Schedule of Tests

This lists common tests that may be ordered during the pregnancy.  This is not a comprehensive list, but describes the most commonly ordered tests.


Prenatal Panel:  This includes a blood count to check for anemia, blood type and antibody screen, tests for infectious diseases such as Hepatitis B, syphilis, HIV, a urine test and culture.  This is usually done prior to your first visit with your doctor.


Pap Smear:  This is usually obtained at your first prenatal visit if it has not been recently obtained.


Chlamydia and Gonorrhea:  cervical cultures are usually obtained at your first prenatal visit.

Your blood pressure, urine and weight will be checked at each visit.


First Trimester Screening for Down Syndrome and Trisomy 18:   This is obtained between 11 and 14 weeks. This involves measurement of the nuchal translucency, an ultrasound exam that measures the thickness at the back of the neck of the fetus, and a blood test.  This is obtained at Texas Tech University Health Sciences Center and requires a referral from our office.


Second Trimester Screening for Down Syndrome, Trisomy 18 and Neural Tube Defects:   This is obtained between 15 and 21 weeks. This involves a blood test that measures different substances.  This test tells your doctor if further testing such as amniocentesis may be needed.


Ultrasound:  This is usually ordered around 20 weeks.  A sonographic evaluation will be done which includes measurements of the baby. 

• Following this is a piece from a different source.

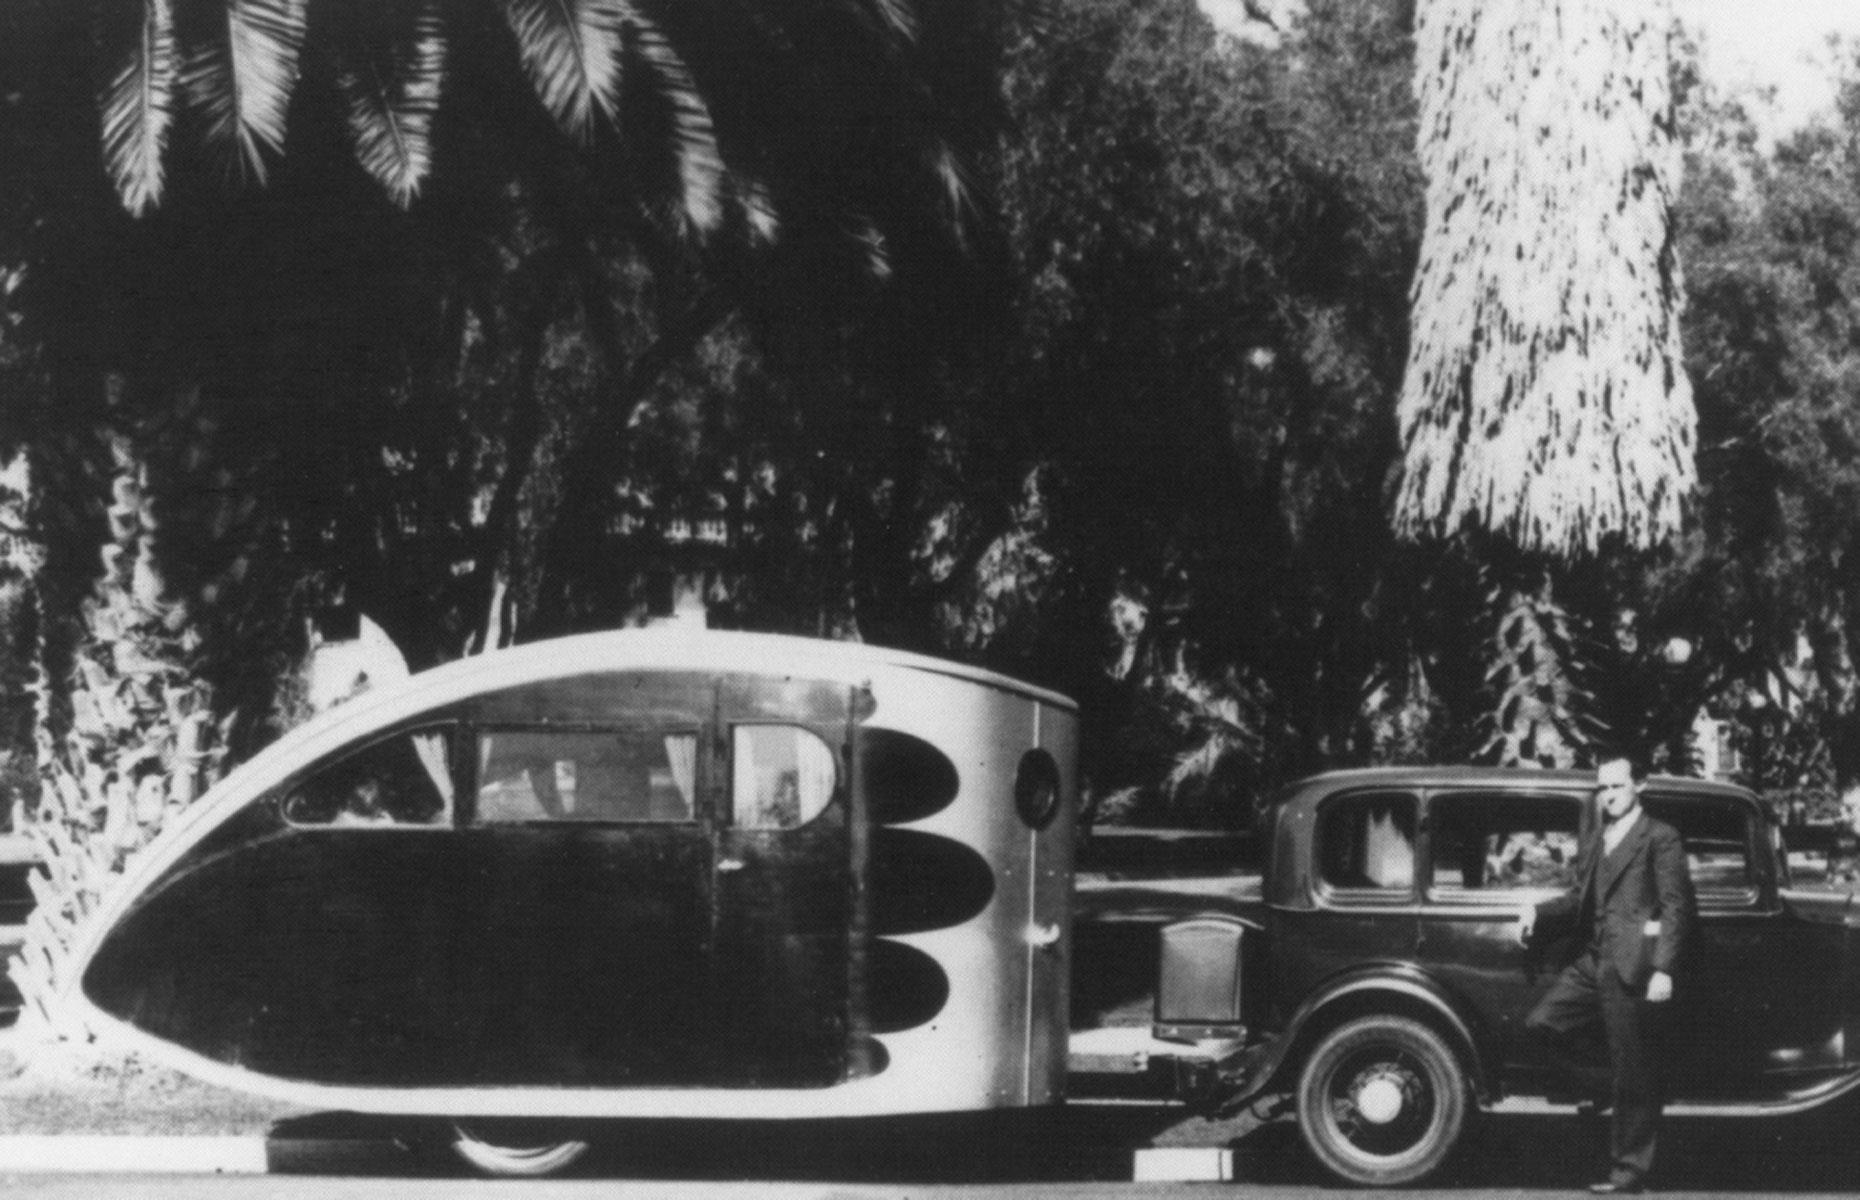 In 1929, Wally Byam, an advertising executive and keen adventurer, built the first Airstream trailer – a teardrop-shaped canvas and Masonite shelter attached to a Ford Model T chassis. His inspiration was his wife Marion, who was fed up camping in draughty tents. It had sleeping space, an ice chest and a stove.

Gestational  Diabetes Screen:  This is done between 24 and 28 weeks.  A sugar-containing drink is given and blood is drawn one hour later.  Fasting is not required.  If the result is abnormal, a fasting, 3- hour test is then obtained.


Complete Blood Count: This is usually done at the same time as the gestational diabetes screen. This tests you for anemia and your platelet level.

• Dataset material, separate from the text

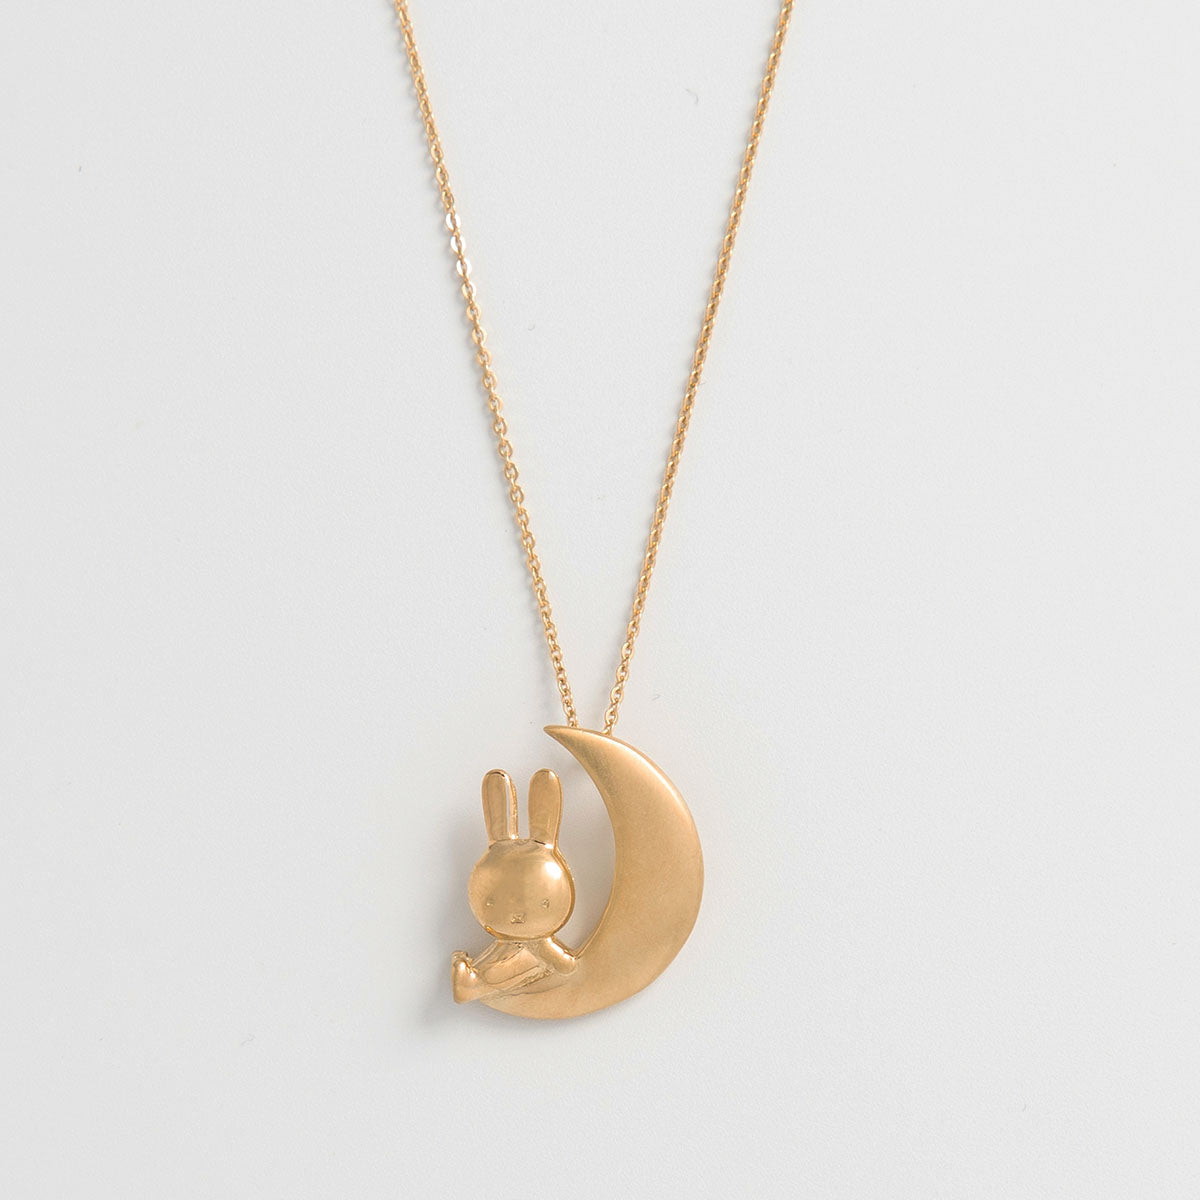 Miffy and the moon necklace gold vermeil

HIV Testing: This is a requirement by the State of Texas to test all pregnant women again during the third trimester. This is usually done at the same time as the gestational diabetes screen.


Antibody Screen/Rhogam Injection:  An antibody screen is usually obtained again between 24 and 28 weeks if your blood type is Rh negative.  A Rhogam injection is then given at this time.  This is to prevent problems that can occur when the baby has a Rh positive blood type.


Group B Streptococcus Screen:  This is obtained between 35 and 37 weeks.  This uses a swab that takes samples from your vagina and anal area.  GBS can be passed to a baby during birth.  If you test positive for this, you will be given antibiotics during labor to help reduce this risk.